As it turns out Kohnstamm has a book to flog – Do Travel Writers Go to Hell? – and he was only writing the preliminary sections of the Colombia guidebook and wasn’t actually expected to go there.

From the self-righteous indignation that came pouring forth from travel websites this week… you would think that he’d taken to murdering kittens or claiming War and Peace as his own.

Lonely Planet isn’t amused. Judy Slatyer, the chief executive, called Kohnstamm’s behaviour ‘shit’. But if it really wants to claim the moral high ground, Lonely Planet might want to look within. It axed writers’ royalties a few years back and the editorial credits on most of the guides these days resemble a football team line-up.

Even so, the fact is that most guidebook writers are conscientious and take pride in their work. They do what they do for the love of it – because they certainly won’t make much money. But no one can cover everything, or go everywhere, and even with the best will in the world, things don’t always go to plan.

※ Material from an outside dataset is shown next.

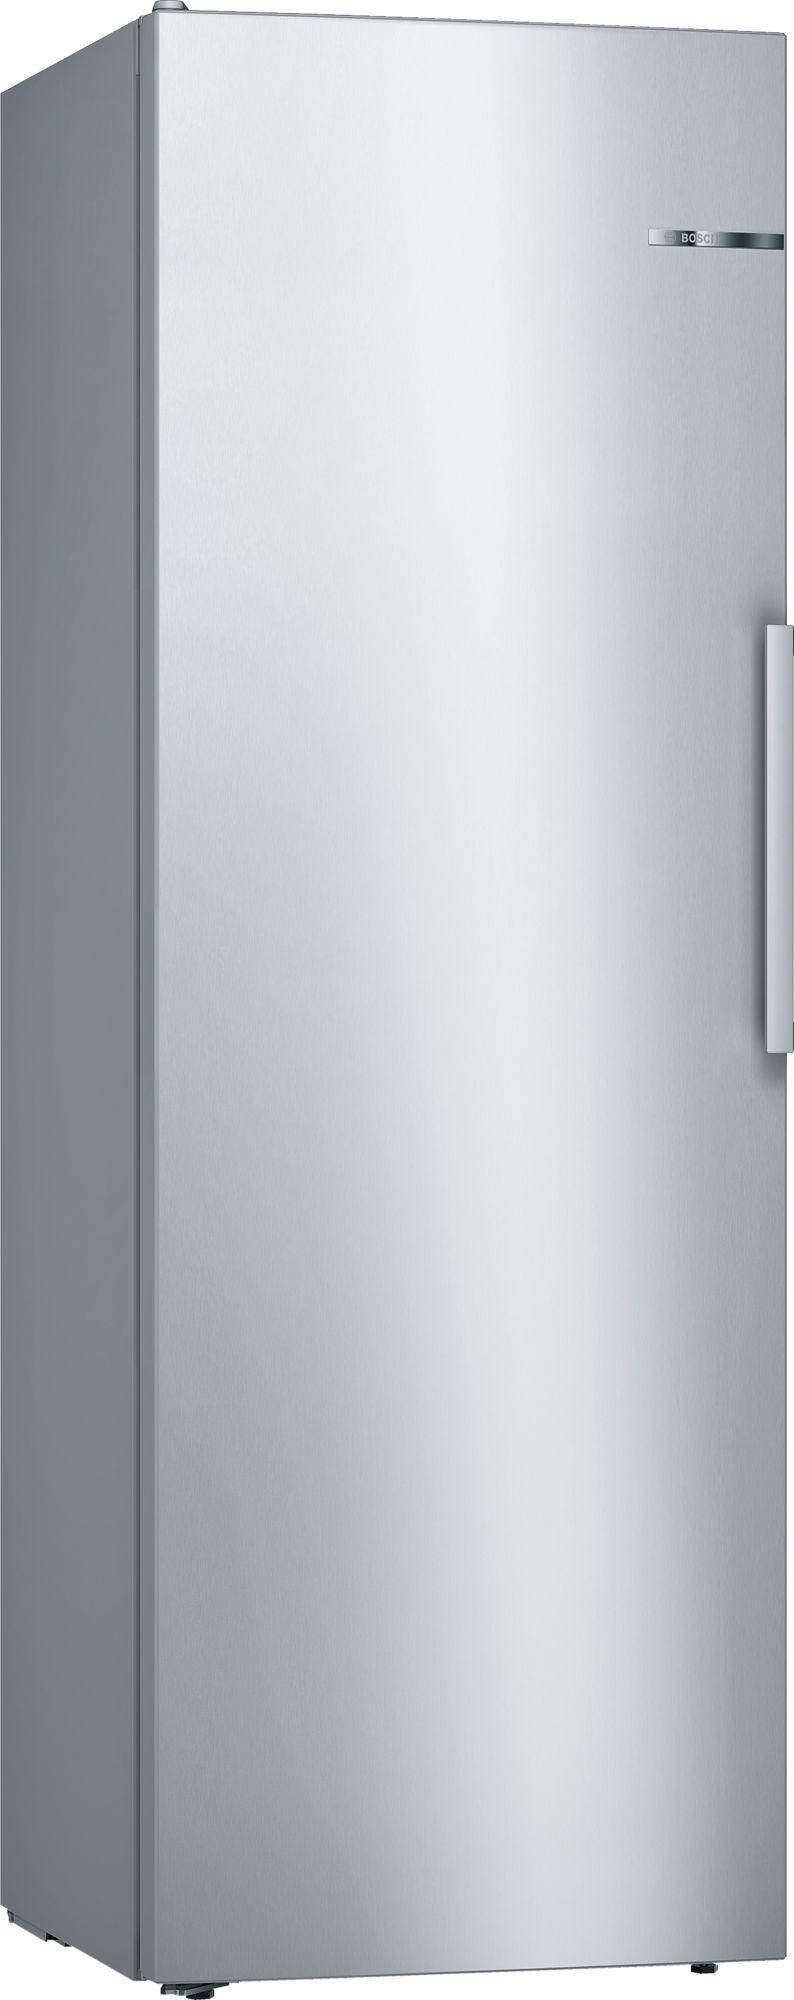 Image of Serie 4 KSV33VLEP 60cm 324 Litre Single Door Larder Fridge | Silver Innox
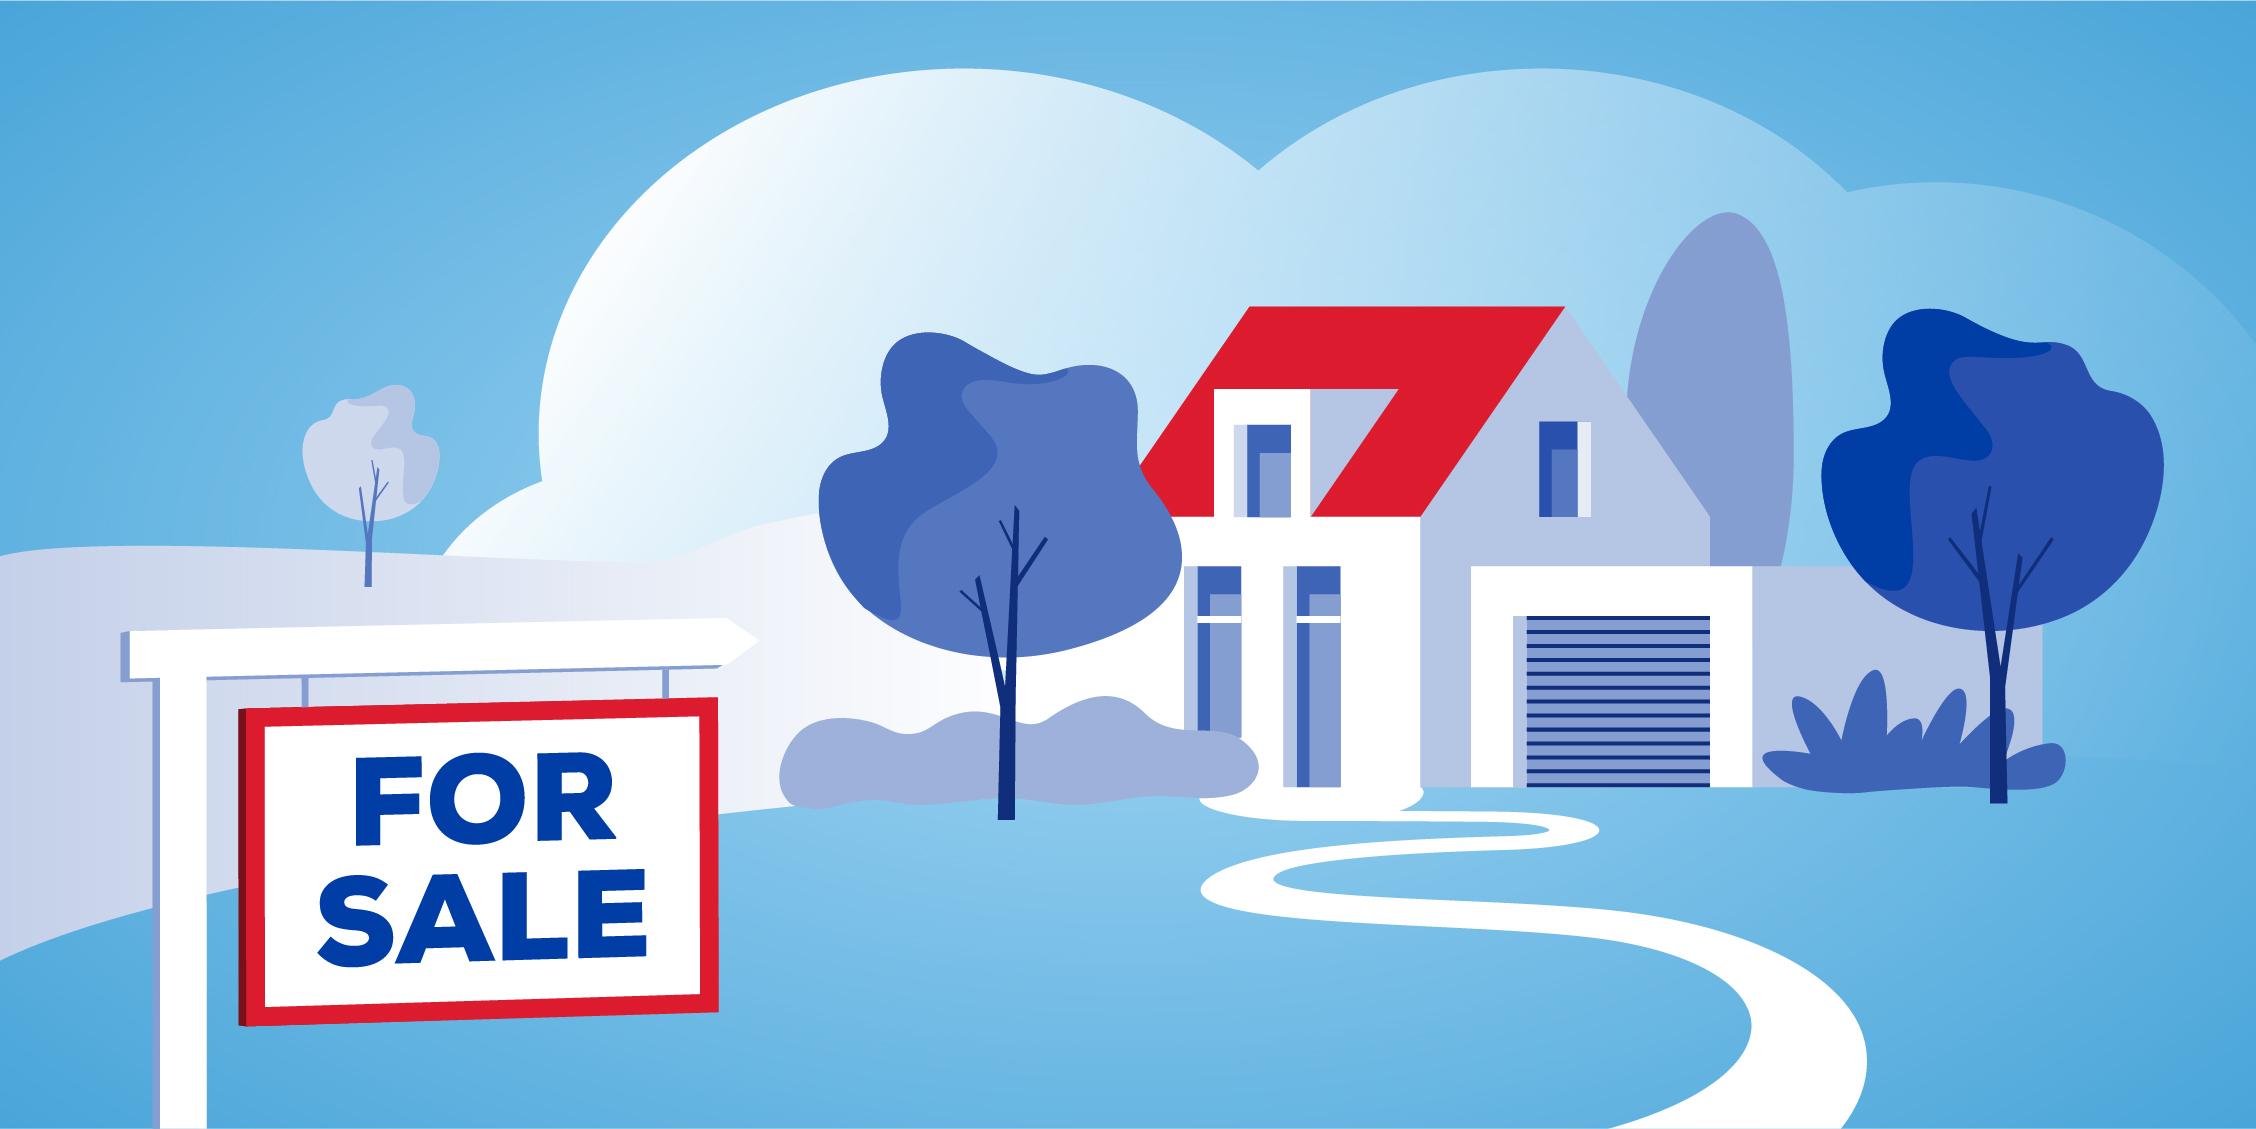 Cinci sfaturi: pregătirea casei pentru vânzare

I speak with some authority here. Back in the early 1990s, I updated a guide to the recently disbanded Soviet Union with my friend Anna. En route home, having run out of both time and money, we had the nagging feeling that we’d forgotten something. Belarus, as it turned out. Apologies Minsk, we never did make it there.

And although one post-Soviet city is very much like another, in those pre-internet days information on the highlights of Minsk nightlife was rather harder to come by than it is now. We ended up wringing information out of someone in the British embassy, and when it came to writing about the state circus, I endowed it with a set of pink performing poodles and one Isabel Hentonova, a Slavicised version of a friend’s name back home.

Not a smoking gun, exactly, but every guidebook writer has their pink performing poodles; Google searches might allow you to cover your tracks rather better these days, but guidebooks are essentially about the aggregation of information rather than the subjectivity of the artist and, so, as Thomas might say, over a post-coital spliff, like, so what, baby?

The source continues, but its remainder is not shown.